Mortality was not significantly different between the groups—50.0% of those in the intervention group died versus 40.6% in the usual care group. Further, in the month before death, fewer interventional care patients used acute care compared with those receiving usual care (0% versus 23.1%, respectively).

"The combined approach in the current study is innovative, as is the application of the intervention to improve health care use and patient-reported outcomes for patients with advanced cancer," wrote Ana I. Tergas, MD, MPH, of the City of Hope Comprehensive Cancer Center Duarte, California, in her accompanying editorial.

"Overall, the current study provides strong support for CHW-led approaches to improve advance care planning and symptom management and reduce unnecessary acute care use among patients with cancer. While questions remain regarding the widescale implementation of such an approach, it is exciting to consider that this approach may shift the paradigm of care not only for patients with advanced cancer but also possibly for other patient populations that are faced with similar challenges," Tergas concluded.

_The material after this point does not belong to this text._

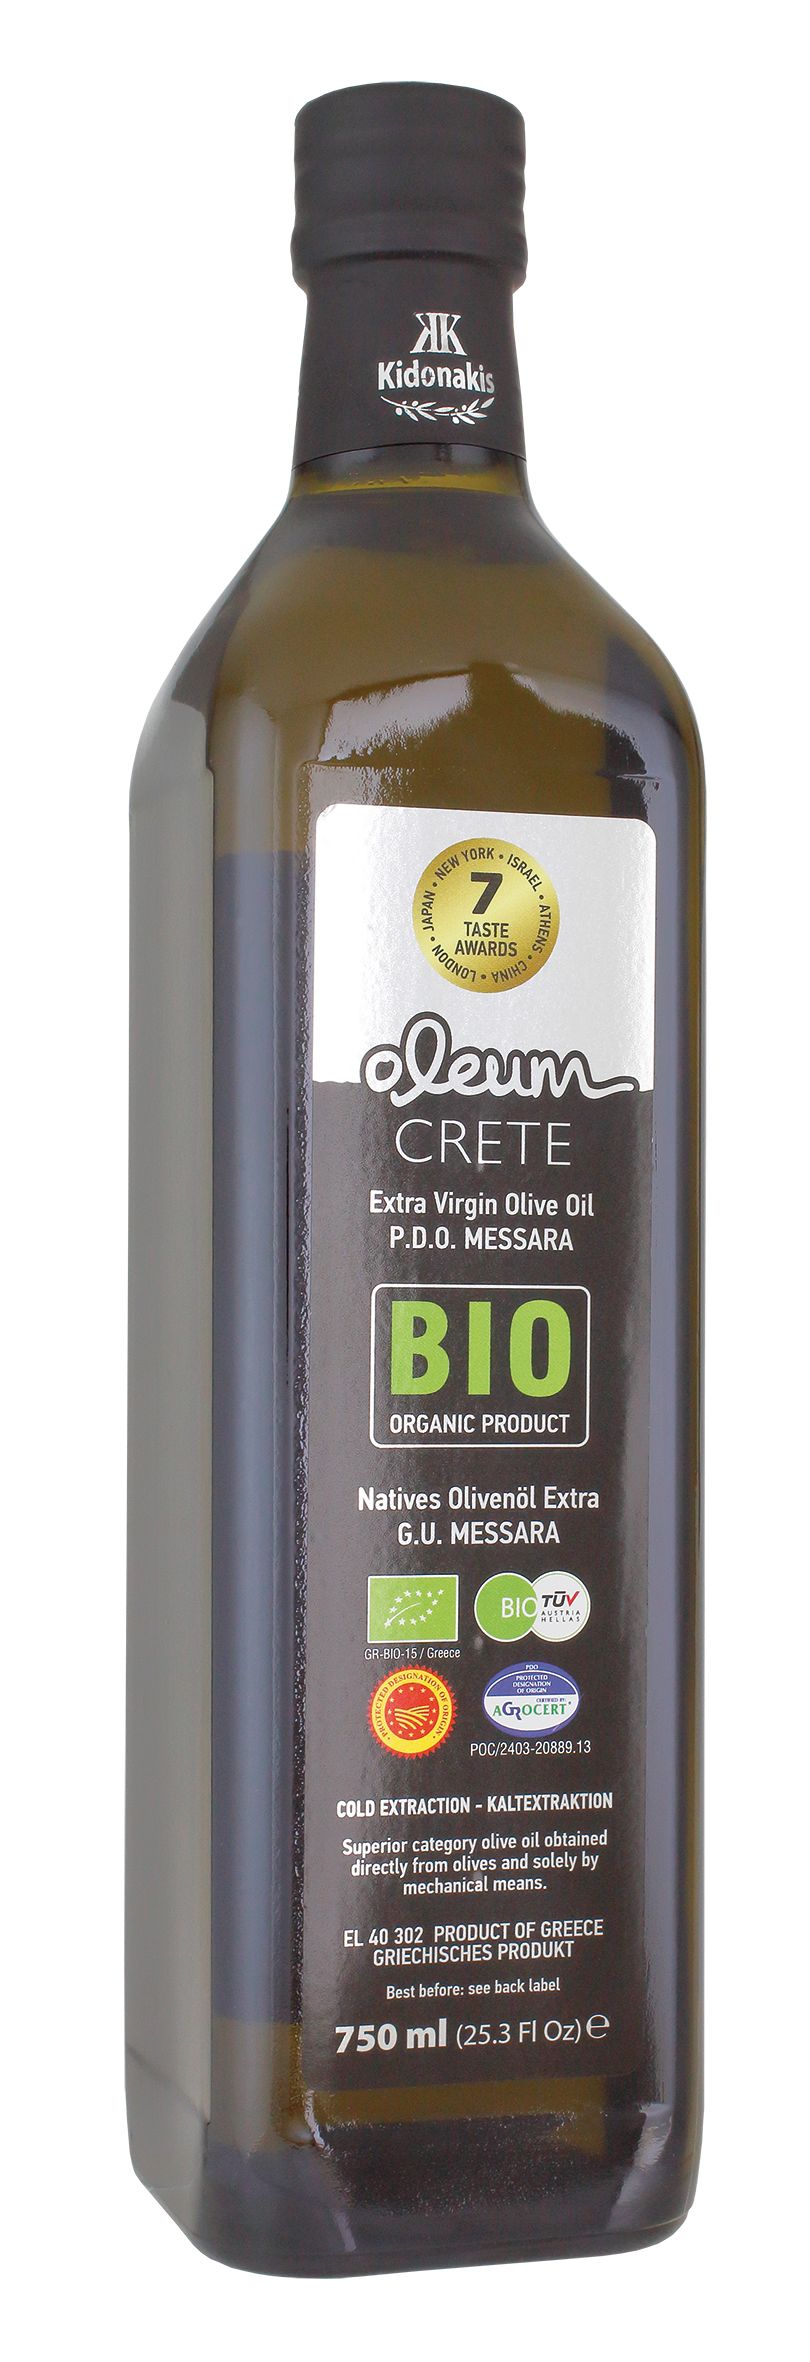 Extra Natives Koroneiki Olivenöl Bio 80 Preise P.D.O. Messara Oleum Crete 100ml - 1L Glas

Study limitations include the limited generalizability of the results due to few Black patients and that it was conducted in a single community clinic, failure to obtain claims data, long patient accrual time, the need for longer follow up, and that P values were not adjusted for secondary analyses because they were considered exploratory by the researchers.

Disclosures

This study was supported by the Providence St. Jude Memorial Foundation, and in part, by the California Health Care Foundation and the National Institute on Minority Health and Health Disparities of the National Institutes of Health.

Patel reported grants from the National Institutes of Health during the conduct of the study.

Tergas reported personal fees (consulting) from Auro Vaccines and personal fees (advisory board) from Immunomic Therapeutics outside the submitted work.

Sources

Patel MI, et al "Effect of a community health worker intervention on acute care use, advance care planning, and patient-reported outcomes among adults with advanced stages of cancer: A randomized clinical trial" JAMA Oncol 2022; DOI: 10.1001/jamaoncol.2022.1997.

Tergas AI "Community health worker–led intervention improves acute care use and advance care planning for patients with cancer" JAMA Oncol 2022; DOI: 10.1001/jamaoncol.2022.1936.